Already spent more than I planned-can I do this or bite the bullet and have it installed? Opinions?
thanks
mark


----------



## peds48 (Jan 11, 2008)

So it sounds like you will need a bigger splitter, perhaps a 4 way SWM splitter and a BSF (band stop filter)


----------



## AnEv942 (Mar 17, 2013)

Thanks, Is that what the lil thing on the RJ6 before reciever is, BSF? Ive seen the 4 way SWM splitters, Ill look and see what BSF go for-
I just thought I was going to plug an play verses paying installer-But seems it might be cost wise a wash. Not sure


----------



## harsh (Jun 15, 2003)

The Band-Stop Filter is free for the asking from DIRECTV. It filters out the network signals that might otherwise do harm to the D12's tuner.

Note that you need to specify a DIRECTV approved "green label" splitter.


----------



## AnEv942 (Mar 17, 2013)

Thanks. I went to the shack, they are an installer for the area. They had 4way splitter, but had no idea (sales counter) on the filter, they called thier installer and he said he didnt use filters? Hmm ok, Picked up tee & cable, used borrowed filter and got it working. Figured I'd order BSF online. Contacted DirecTV to activate reciever, told her we were adding a box, mentioned the filter i needed and they sent a BSF no charge. But was a bit amazed at the intial response though, like insulted. 'If you'd let us install we would supply all the parts you need". I mentioned cable has to run under house "oh that would be custom install or you could preun the cable and installer will conect"- so, I buy cable, get under house & run new cable to existing tee location from reciever thats already installed and your activating, on an existing dish system, pay for installation to get a BSF? I asked in the most sheepish voice.

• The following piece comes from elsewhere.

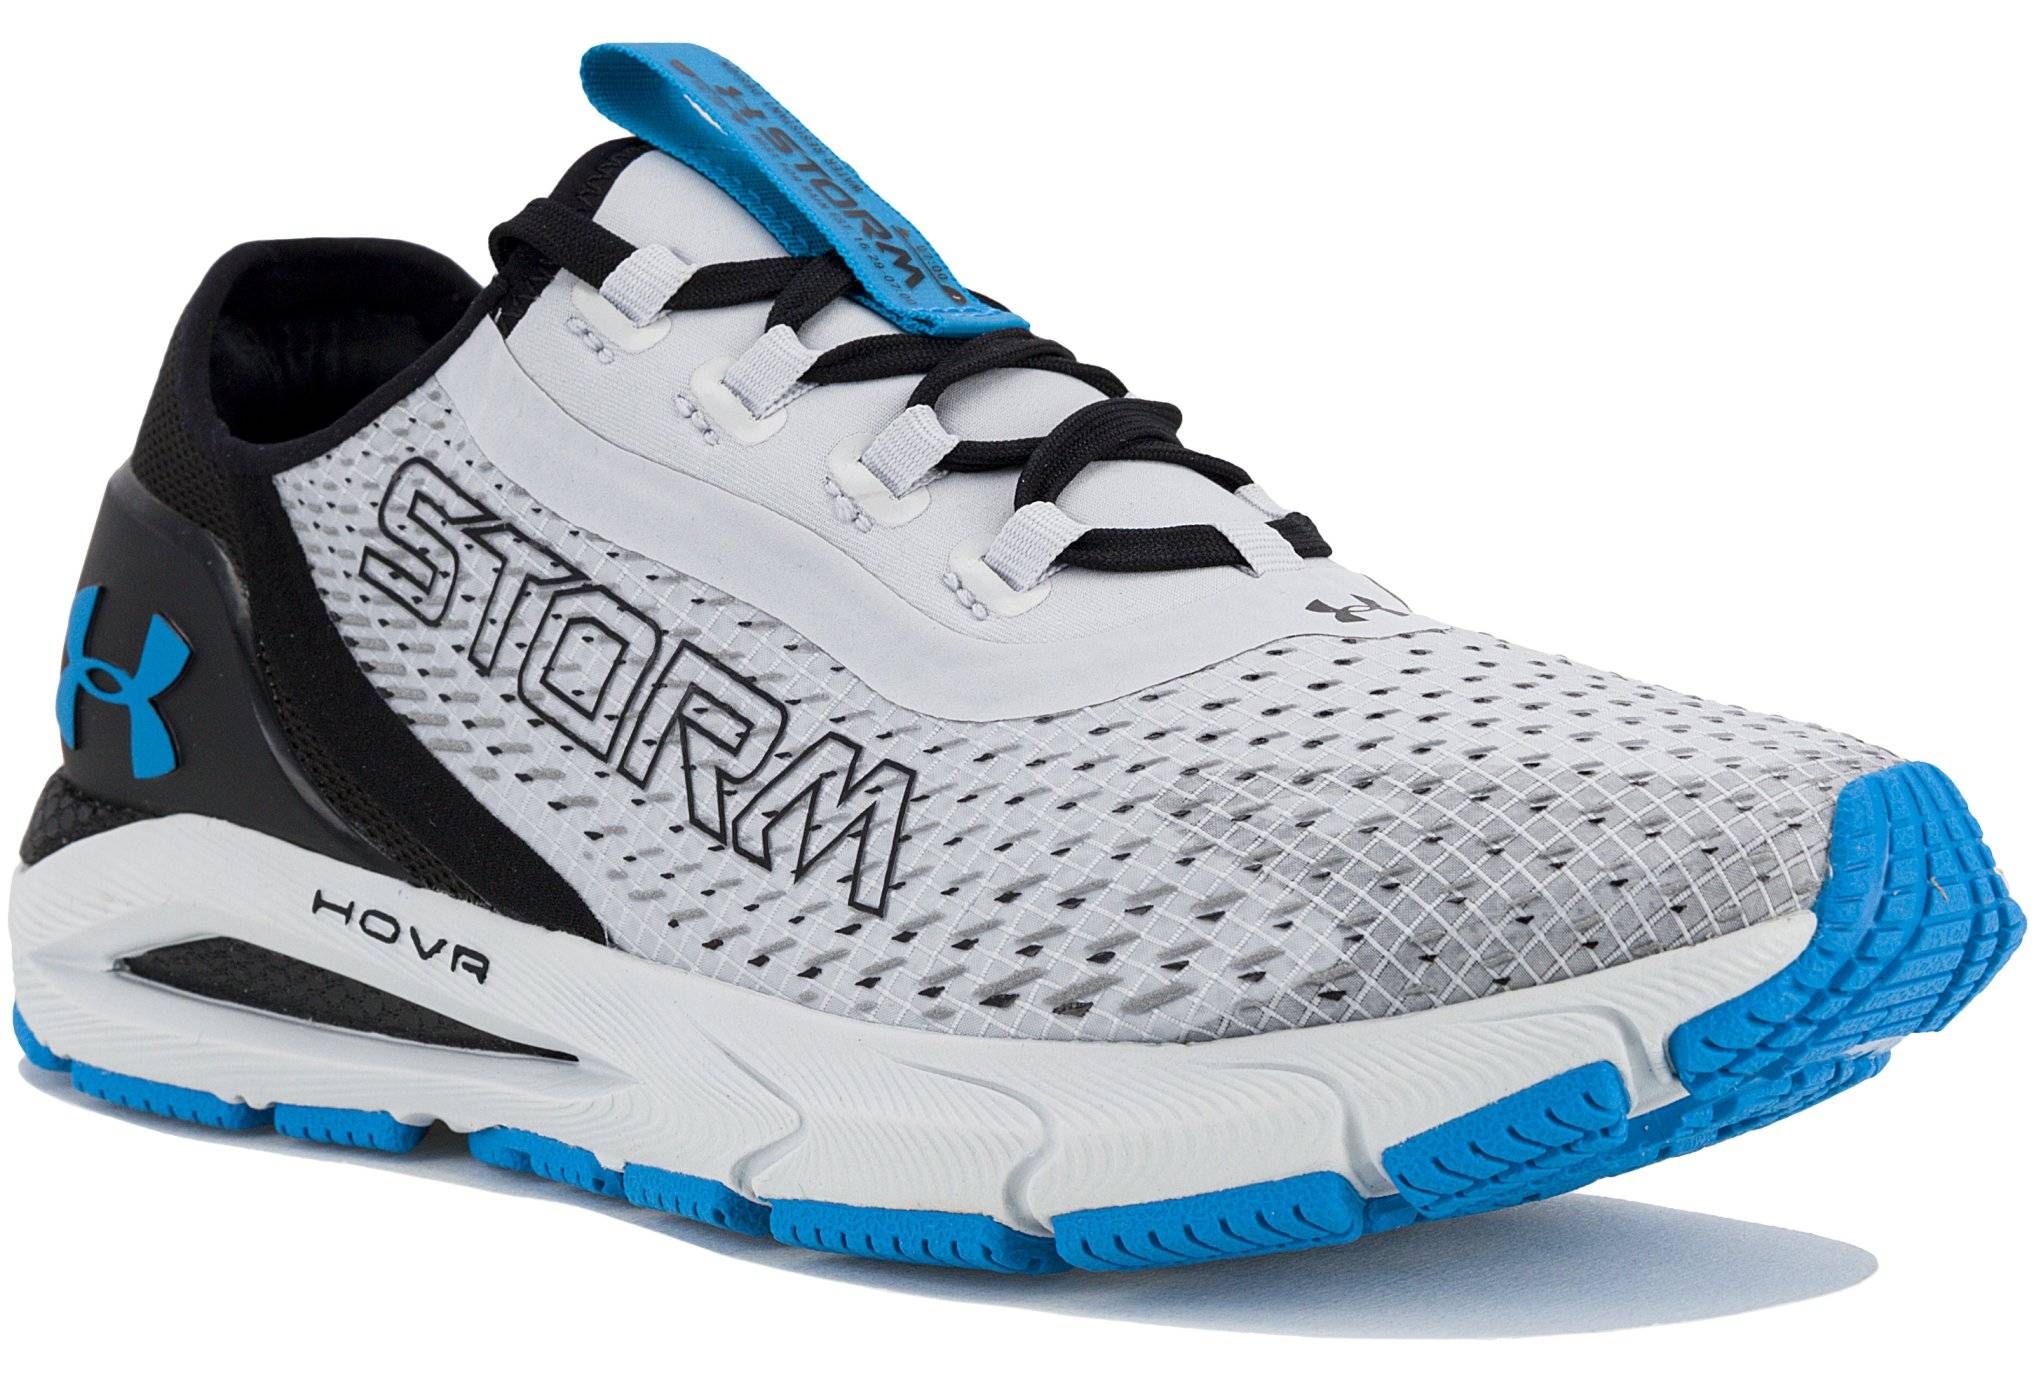 Under Armour HOVR Sonic 4 Storm W

So she looks up the number and says it'll arrive in a couple of days. Meanwhile reciever is activated, everthing works great. Nice.

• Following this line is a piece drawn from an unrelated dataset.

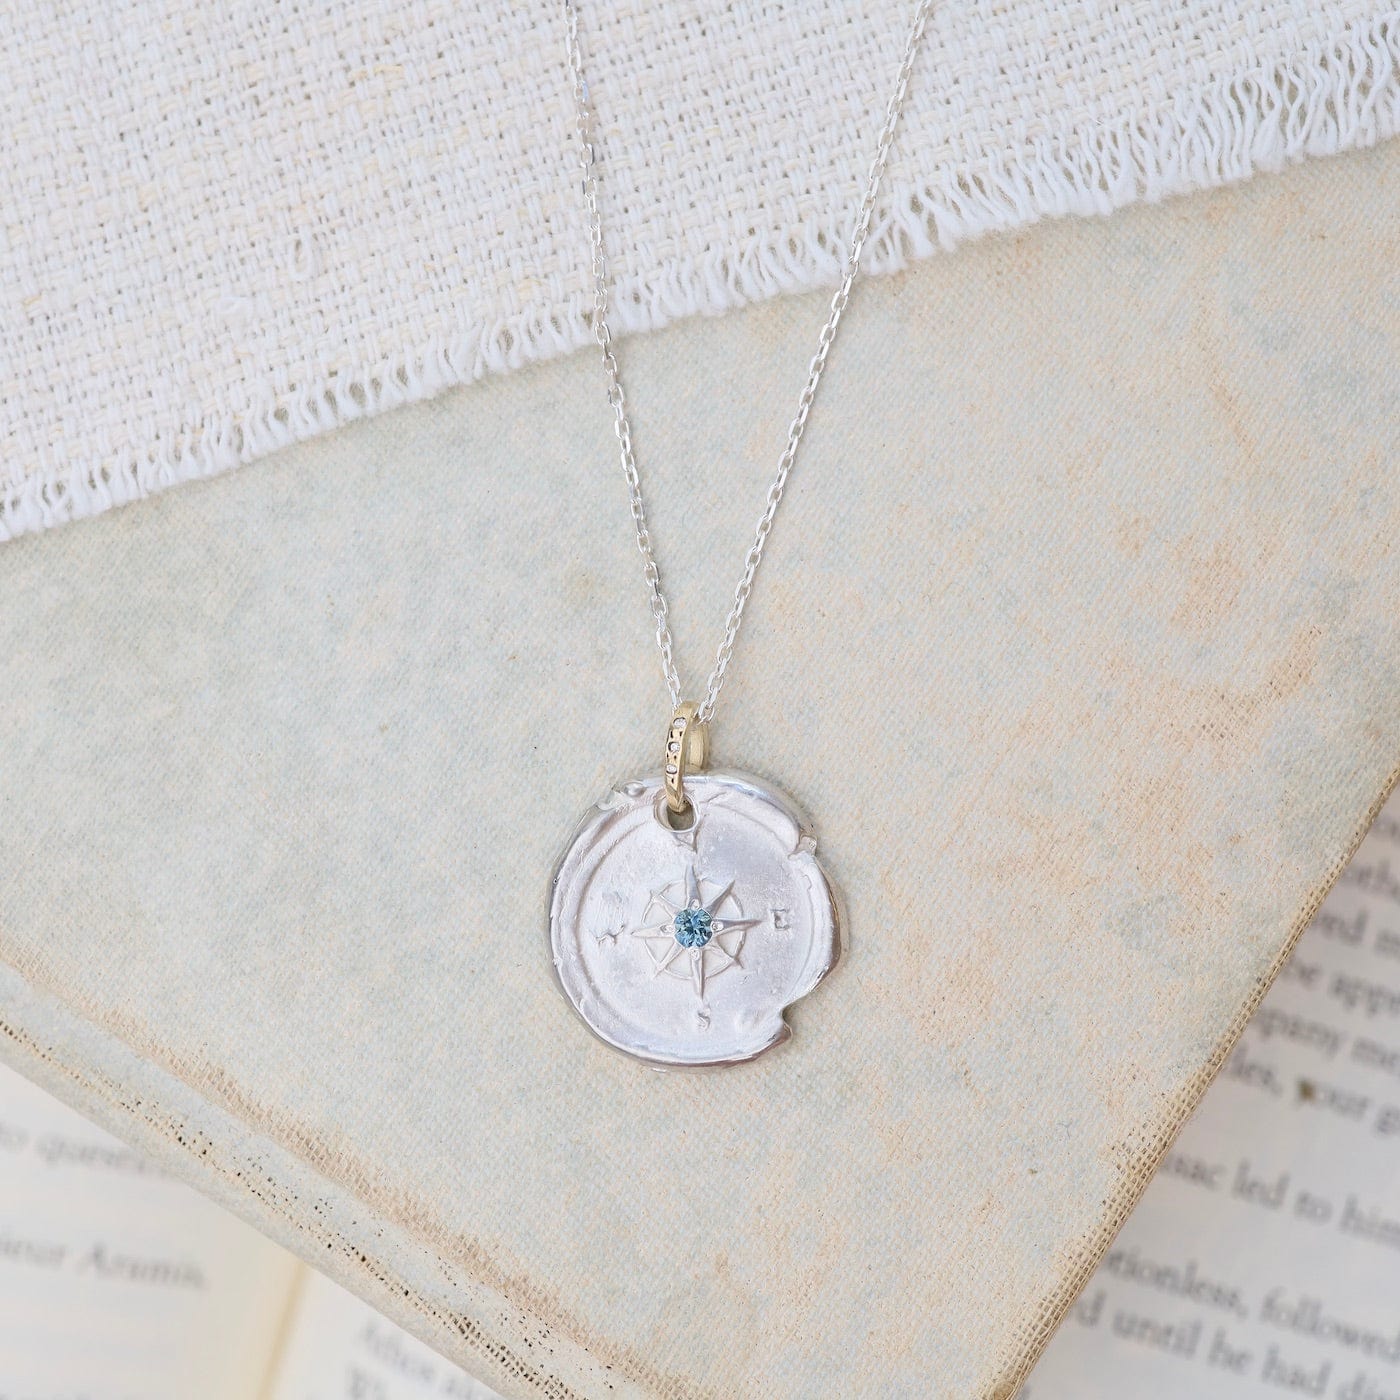 NKL-14K Sterling Silver & 14k Gold Compass Necklace with Montana Sapphire

later I turn on living room tv and no access to main reciever in bedroom-turn on that tv-no access to satellite. Hmm called DirectTV. Appearently when the gal activated new box-she terminated service to main box? Restored within a few minuets, even all our recorded shows-like it never happened. Interesting system-I'd be curious to see the other end.
Though my path a bit convoluted were operational. Have to say working with folks at Directv, and weve had quite few contacts recently, with purchasing reciever to final call, just a pleasure, its rare. They must have some serious customer relations classes some 'other' companies should look at. 
Anyrate pulling my box and going 'camping'. Thanks for the replies


----------



## peds48 (Jan 11, 2008)

Awesome, thanks for the update


----------